### Task
What you write should be an exact repeat of the lines from the one with "Star Wars Boba" through the final line below, minus the pictures.

### Data excerpt

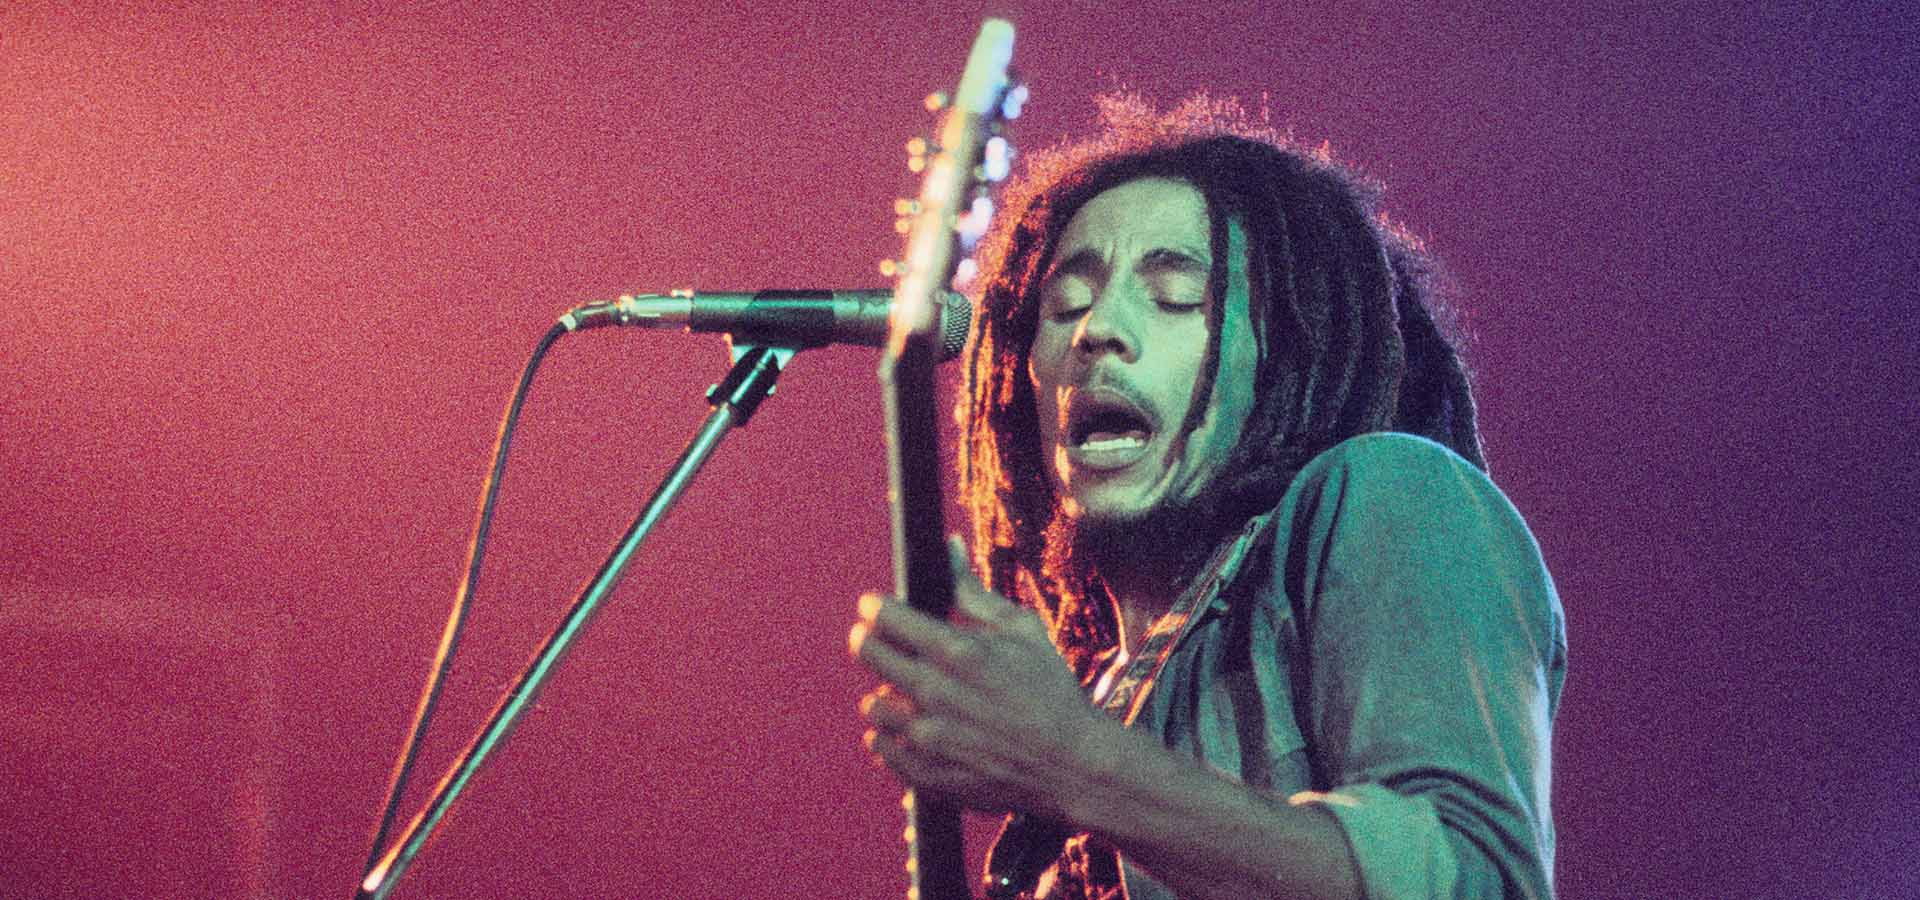 Bob Marley, Den Haag (Voorburg), Niederlande 1976 Den Haag, Niederlande - 1976, (Foto Gijsbert Hanekroot) *** Lokale Bildunterschrift *** Bob Marley and the Wailers
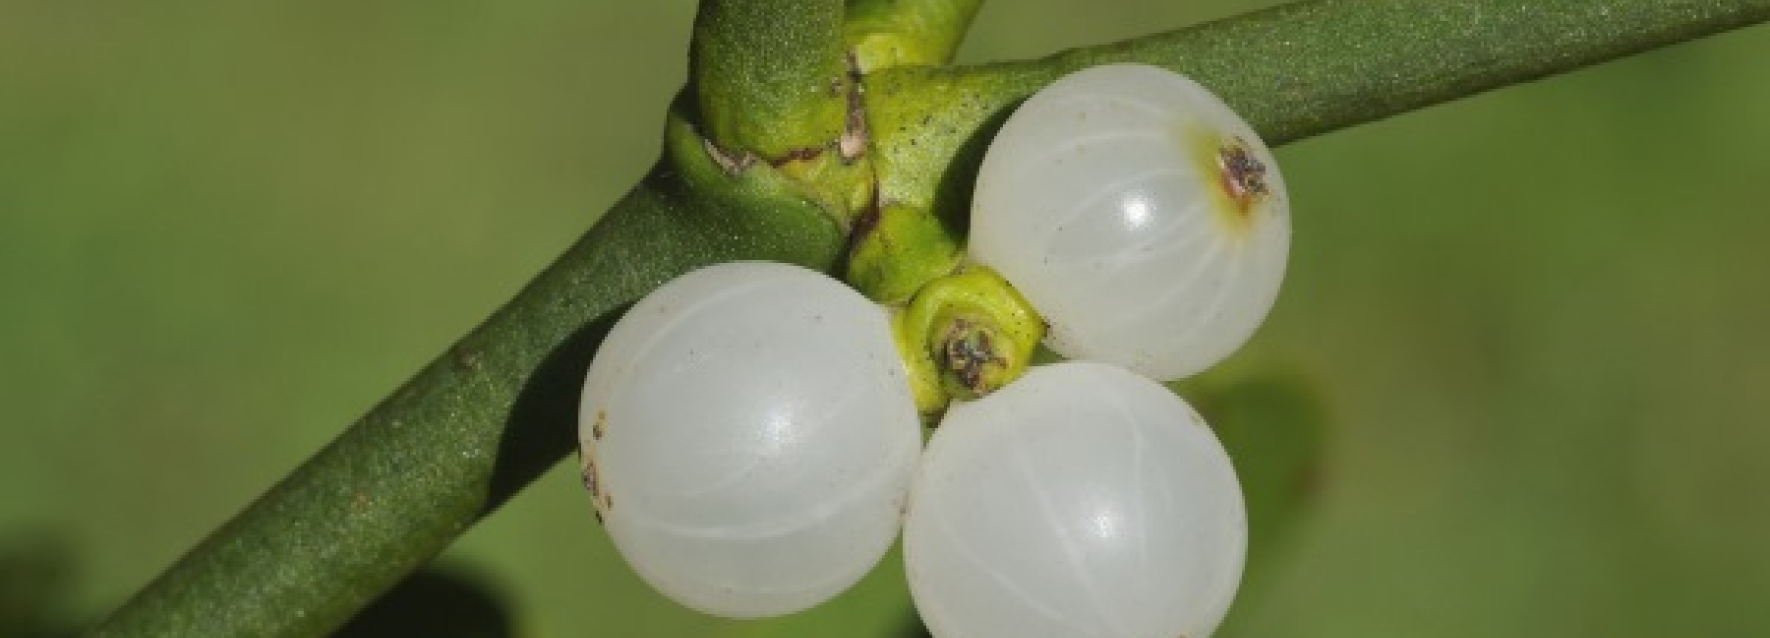 Um close de três frutas brancas penduradas em uma planta.
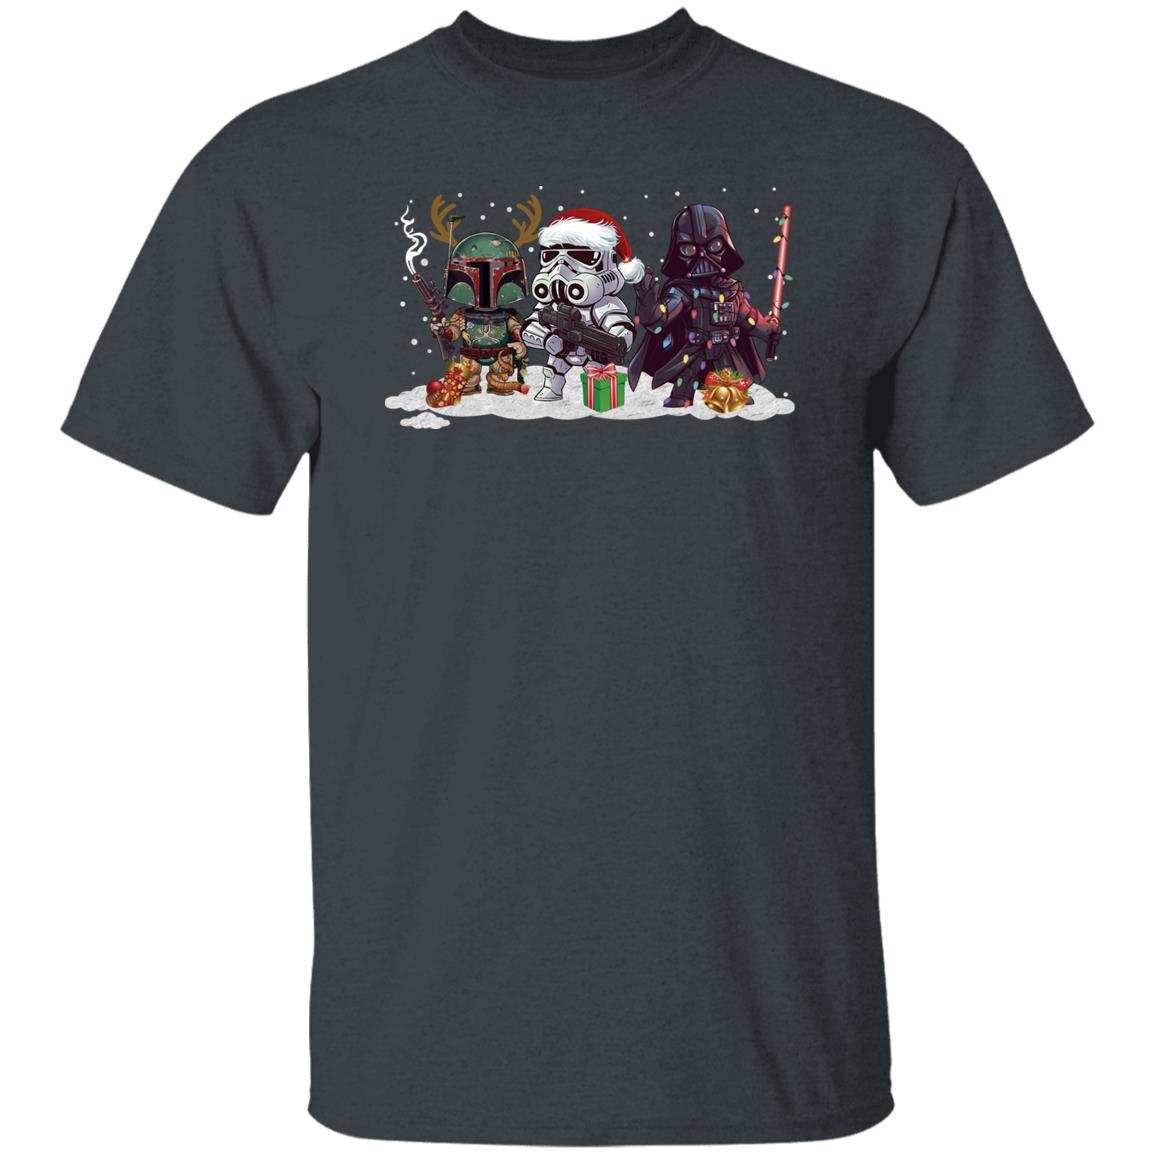 Star Wars Boba Fett Darth Vader And Stormtrooper Chibi Christmas Shirt
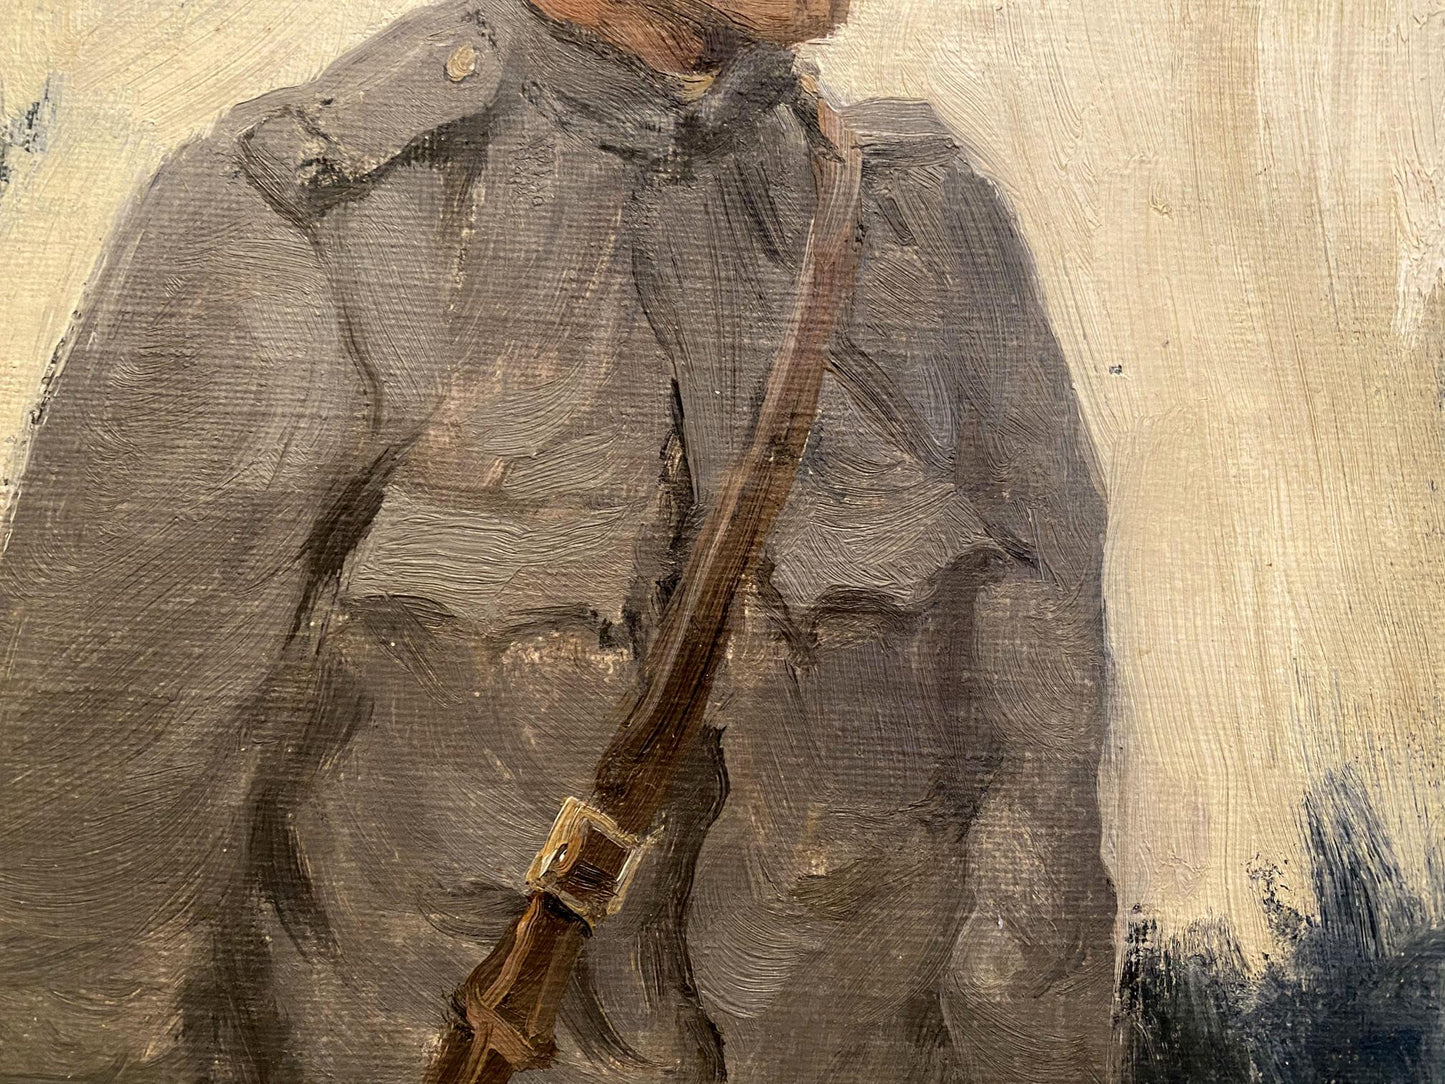 Oil painting Hungarian soldier Ivan Alekseevich Vladimirov

### Written response
 Star Wars Boba Fett Darth Vader And Stormtrooper Chibi Christmas Shirt
 Oil painting Hungarian soldier Ivan Alekseevich Vladimirov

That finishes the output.